Could the author share the code for calculating the model parameters(Param.) and the model computational complexity(MACs) of the pipeline. very thank you!

bokyeong1015 commented 6 months ago

Hi, we've added the code and please run:

pip install thop==0.1.1.post2209072238
python src/count_macs_params.py

Click for the results:

== CompVis/stable-diffusion-v1-4 | 512x512 img generation == [Text Enc] MACs: 6.5G = 6545882112 [Text Enc] Params: 123.1M = 123060480 [U-Net] MACs: 338.7G = 338749194240 [U-Net] Params: 859.5M = 859520964 [Img Dec] MACs: 1240.1G = 1240079532032 [Img Dec] Params: 49.5M = 49490179 [Total] MACs: 1585.4G = 1585374608384 [Total] Params: 1032.1M = 1032071623 == nota-ai/bk-sdm-base | 512x512 img generation == [Text Enc] MACs: 6.5G = 6545882112 [Text Enc] Params: 123.1M = 123060480 [U-Net] MACs: 223.8G = 223755632640 [U-Net] Params: 579.4M = 579384964 [Img Dec] MACs: 1240.1G = 1240079532032 [Img Dec] Params: 49.5M = 49490179 [Total] MACs: 1470.4G = 1470381046784 [Total] Params: 751.9M = 751935623 == nota-ai/bk-sdm-small | 512x512 img generation == [Text Enc] MACs: 6.5G = 6545882112 [Text Enc] Params: 123.1M = 123060480 [U-Net] MACs: 217.7G = 217727959040 [U-Net] Params: 482.3M = 482346884 [Img Dec] MACs: 1240.1G = 1240079532032 [Img Dec] Params: 49.5M = 49490179 [Total] MACs: 1464.4G = 1464353373184 [Total] Params: 654.9M = 654897543 == nota-ai/bk-sdm-tiny | 512x512 img generation == [Text Enc] MACs: 6.5G = 6545882112 [Text Enc] Params: 123.1M = 123060480 [U-Net] MACs: 205.0G = 205035274240 [U-Net] Params: 323.4M = 323384964 [Img Dec] MACs: 1240.1G = 1240079532032 [Img Dec] Params: 49.5M = 49490179 [Total] MACs: 1451.7G = 1451660688384 [Total] Params: 495.9M = 495935623 == runwayml/stable-diffusion-v1-5 | 512x512 img generation == [Text Enc] MACs: 6.5G = 6545882112 [Text Enc] Params: 123.1M = 123060480 [U-Net] MACs: 338.7G = 338749194240 [U-Net] Params: 859.5M = 859520964 [Img Dec] MACs: 1240.1G = 1240079532032 [Img Dec] Params: 49.5M = 49490179 [Total] MACs: 1585.4G = 1585374608384 [Total] Params: 1032.1M = 1032071623 == stabilityai/stable-diffusion-2-1-base | 512x512 img generation == [Text Enc] MACs: 22.3G = 22299160576 [Text Enc] Params: 340.4M = 340387840 [U-Net] MACs: 339.2G = 339241205760 [U-Net] Params: 865.9M = 865910724 [Img Dec] MACs: 1240.1G = 1240079532032 [Img Dec] Params: 49.5M = 49490179 [Total] MACs: 1601.6G = 1601619898368 [Total] Params: 1255.8M = 1255788743 == stabilityai/stable-diffusion-2-1 | 768x768 img generation == [Text Enc] MACs: 22.3G = 22299160576 [Text Enc] Params: 340.4M = 340387840 [U-Net] MACs: 760.8G = 760797839360 [U-Net] Params: 865.9M = 865910724 [Img Dec] MACs: 1240.1G = 1240079532032 [Img Dec] Params: 49.5M = 49490179 [Total] MACs: 2023.2G = 2023176531968 [Total] Params: 1255.8M = 1255788743

StormArcher commented 6 months ago

We followed the author code for testing, and the experimental results show that the results of MACs differ too much from the paper.
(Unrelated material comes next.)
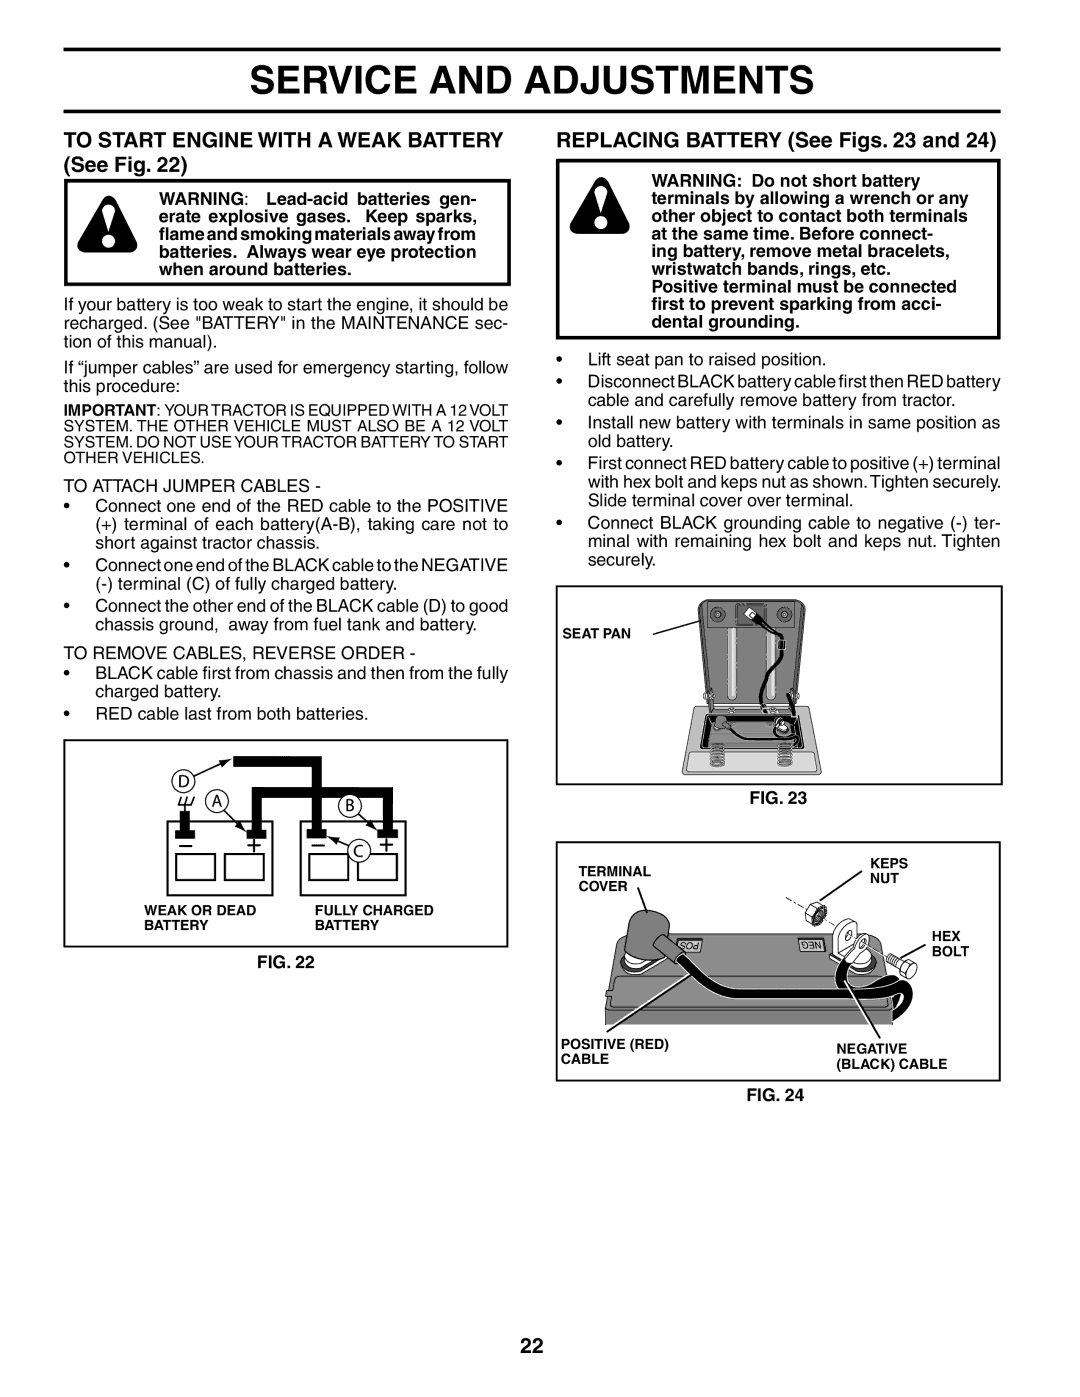 Poulan PO13T38A manual To Start Engine with a Weak Battery See Fig, Replacing Battery See Figs

Is there a problem writing code in this？

== CompVis/stable-diffusion-v1-4 | 512x512 img generation == [Text Enc] MACs: 6.5G = 6545882112 [Text Enc] Params: 123.1M = 123060480 [U-Net] MACs: 0.2G = 232980480 [U-Net] Params: 859.5M = 859520964 [Img Dec] MACs: 1.0G = 981467136 [Img Dec] Params: 49.5M = 49490179 [Total] MACs: 7.8G = 7760329728 [Total] Params: 1032.1M = 1032071623

bokyeong1015 commented 6 months ago

We obtained the results below with the refactored and uploaded code, which are identical to those presented in our paper.

Refer to the previous message for the full results.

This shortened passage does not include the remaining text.